[Data for processing]:

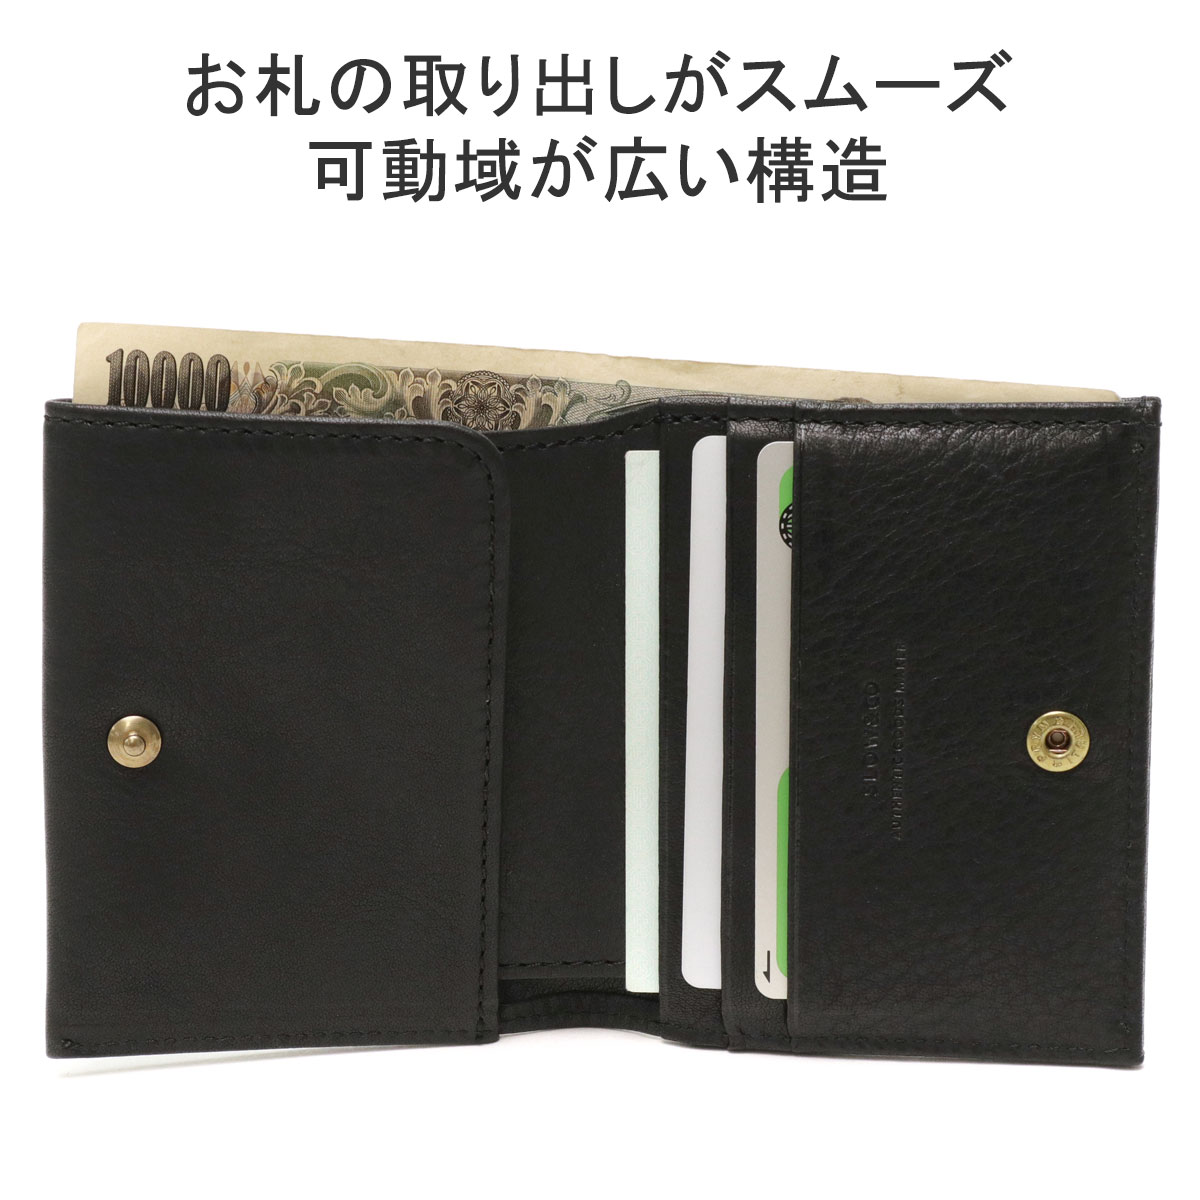 最大32%☆6/9限定 スロウ 二つ折り財布 SLOW bono smart mini wallet 
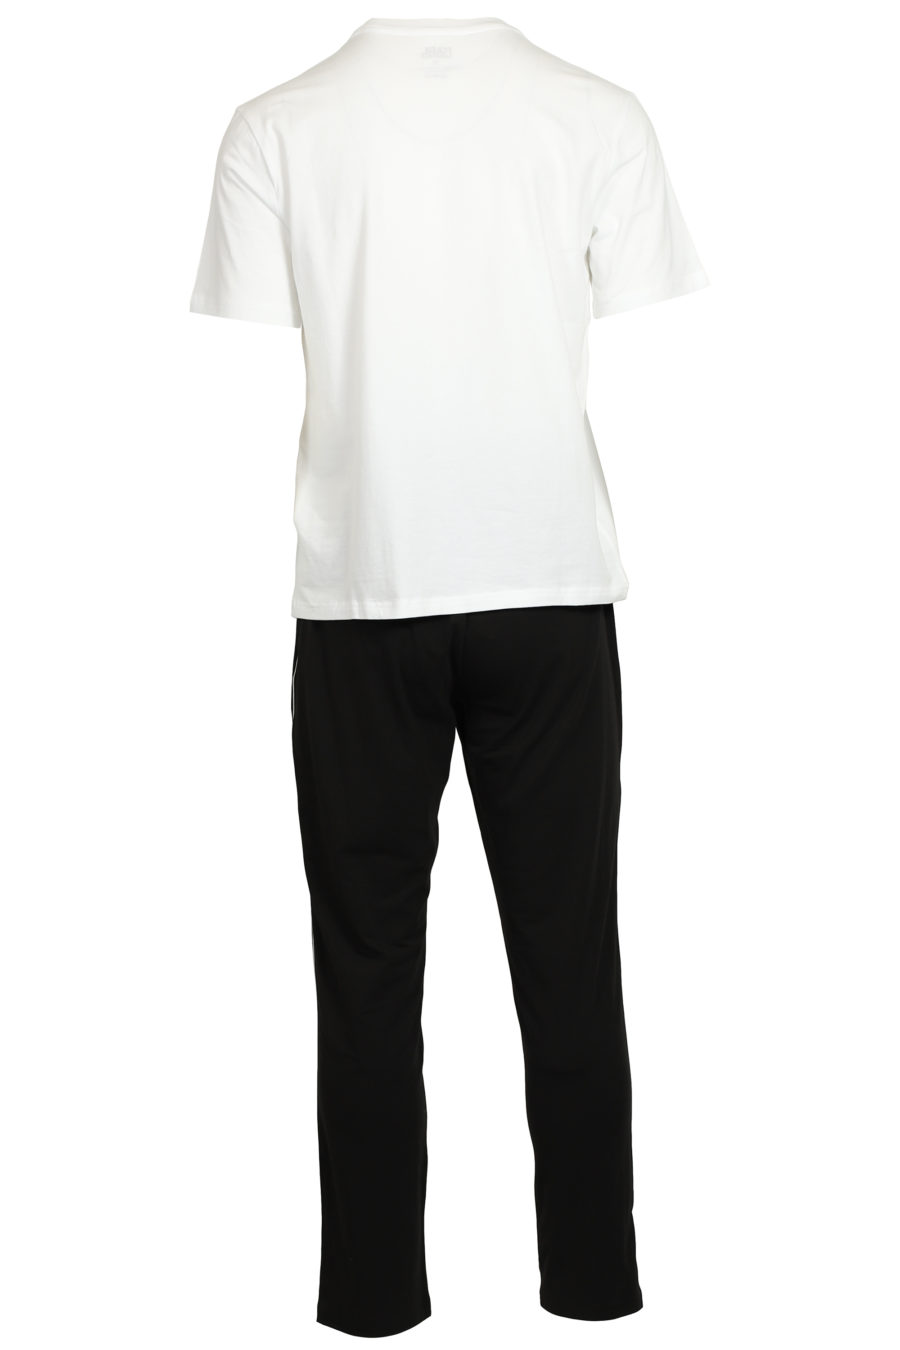 Schwarz-weißes Pyjama-Set mit Gummilogo - IMG 3736
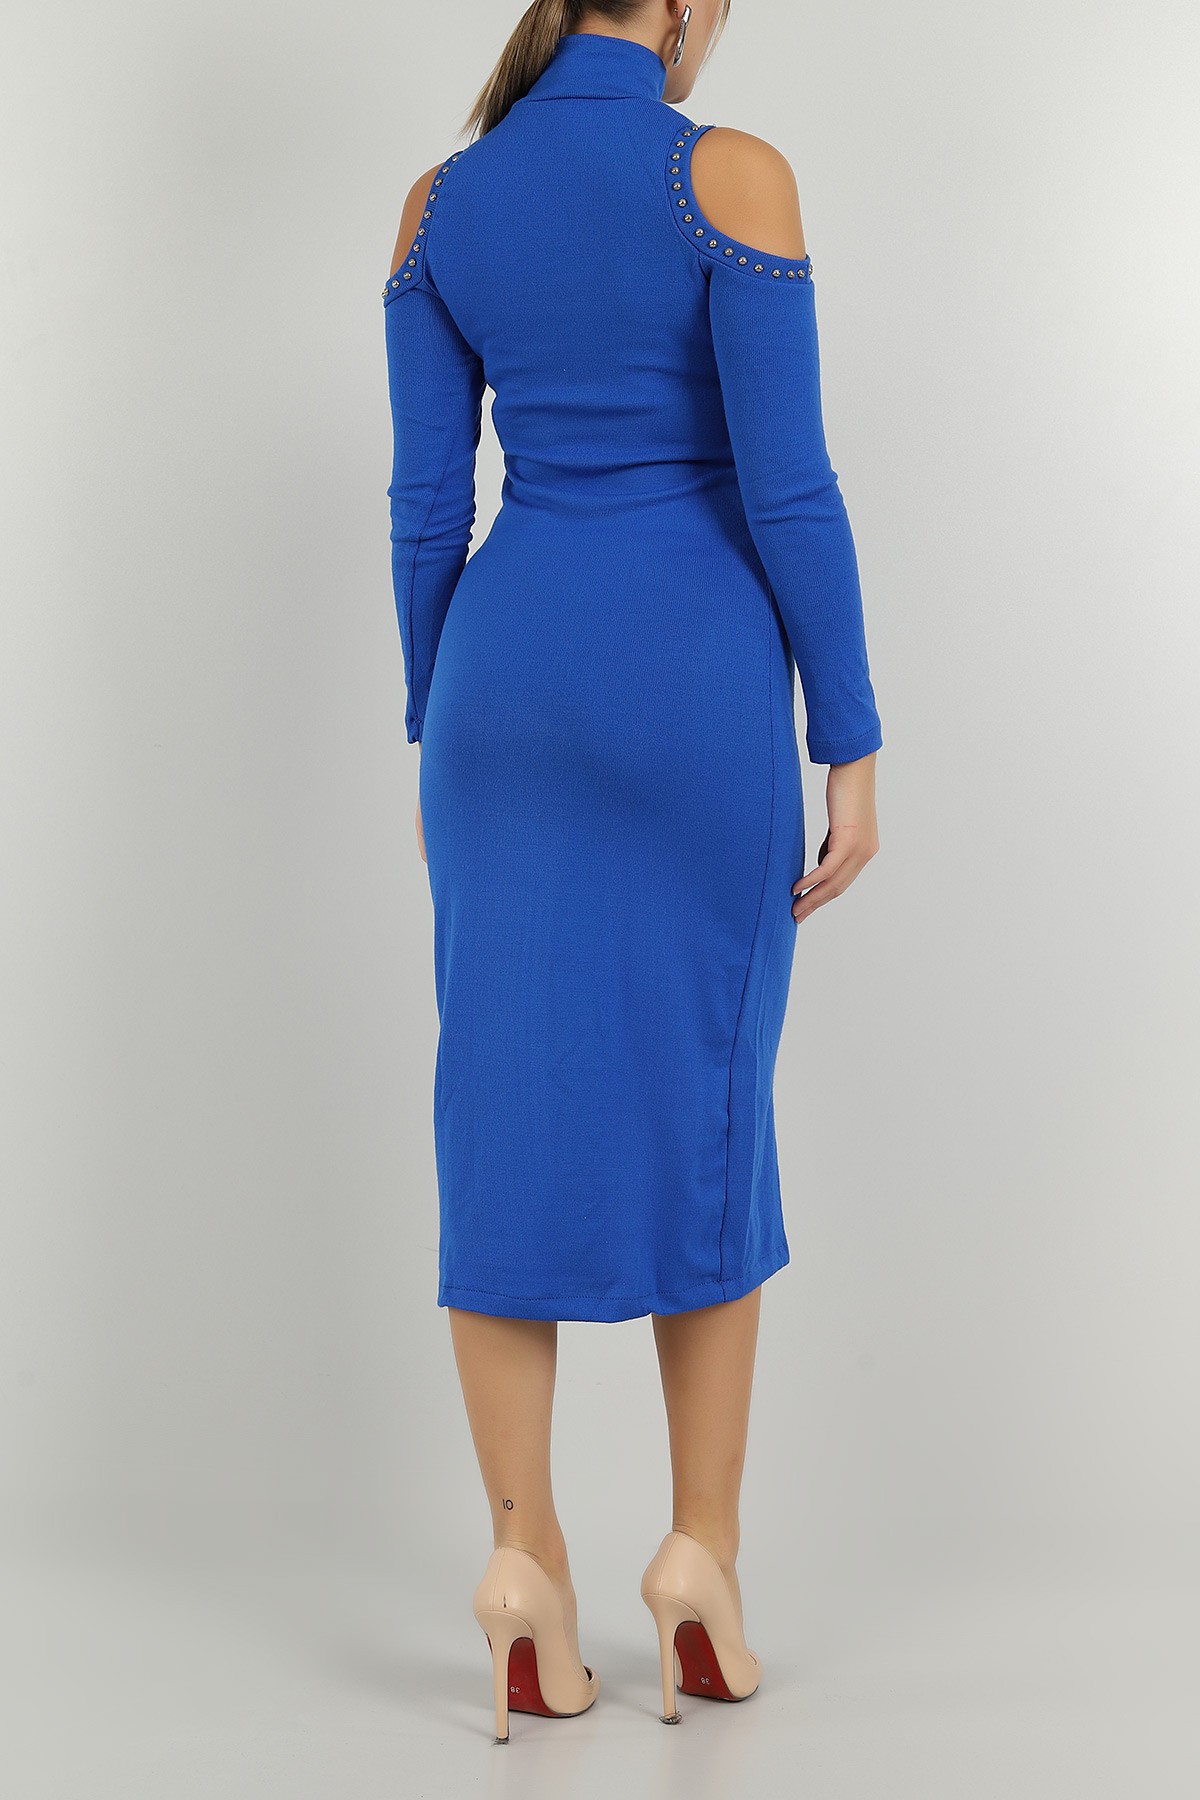 Saks Mavisi Taşlı Tasarım Triko Elbise 146776
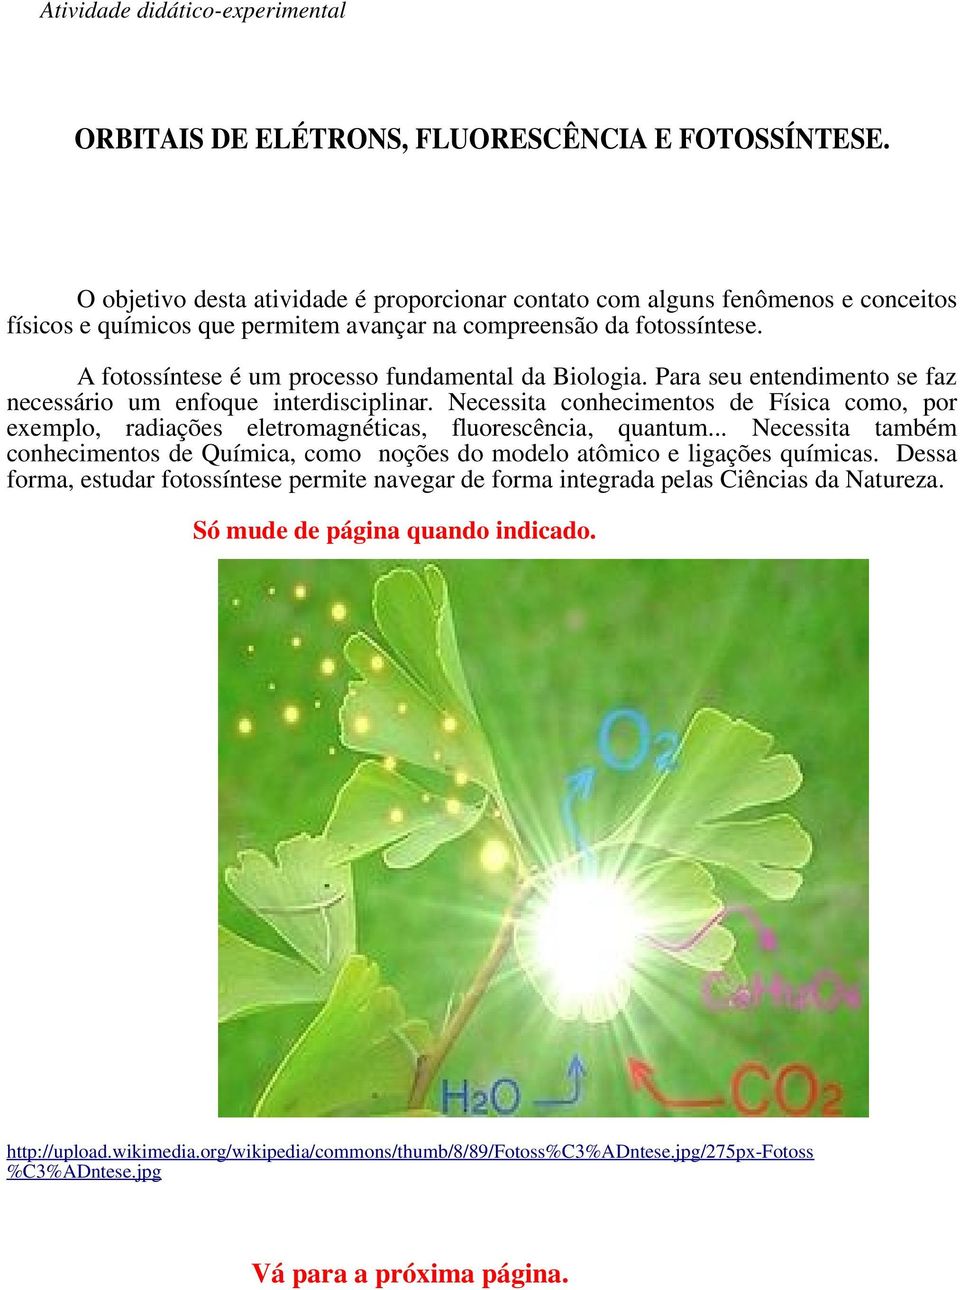 A fotossíntese é um processo fundamental da Biologia. Para seu entendimento se faz necessário um enfoque interdisciplinar.
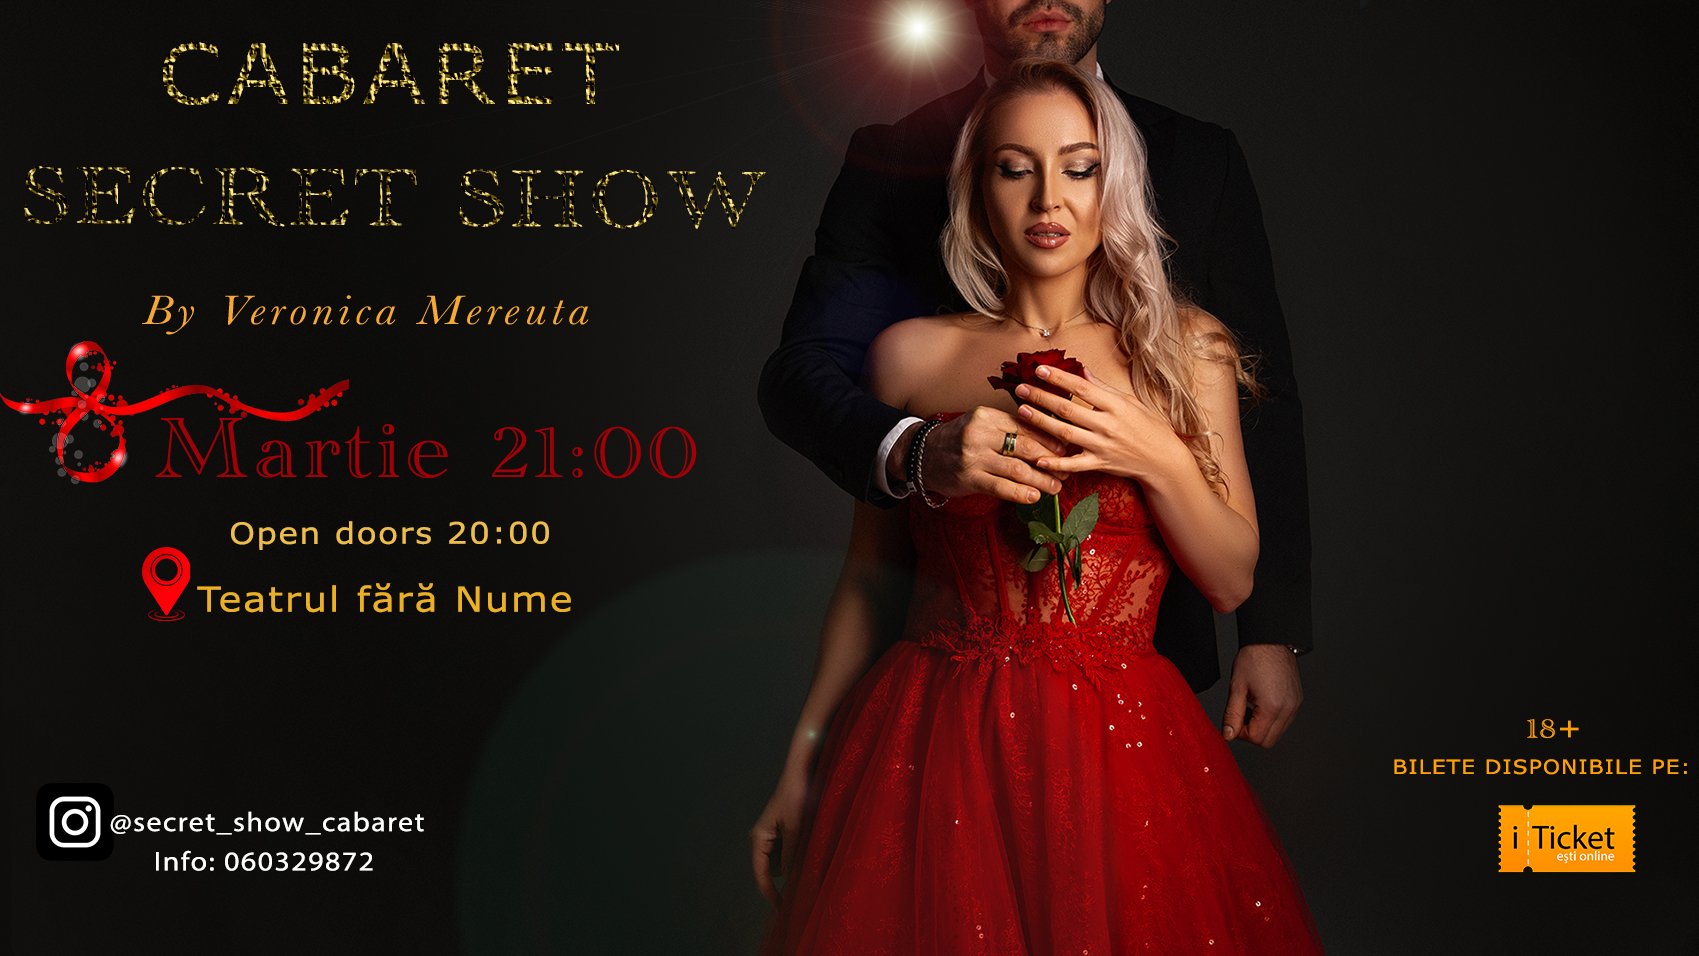 Secret Show Cabaret

[The task]:
From first line to last, return the records verbatim without their pictures.

[Answer to this problem]:
 最大32%☆6/9限定 スロウ 二つ折り財布 SLOW bono smart mini wallet 
 Schwarz-weißes Pyjama-Set mit Gummilogo - IMG 3736
 Saks Mavisi Taşlı Tasarım Triko Elbise 146776
 A fotossíntese é um processo fundamental da Biologia. Para seu entendimento se faz necessário um enfoque interdisciplinar.
 Secret Show Cabaret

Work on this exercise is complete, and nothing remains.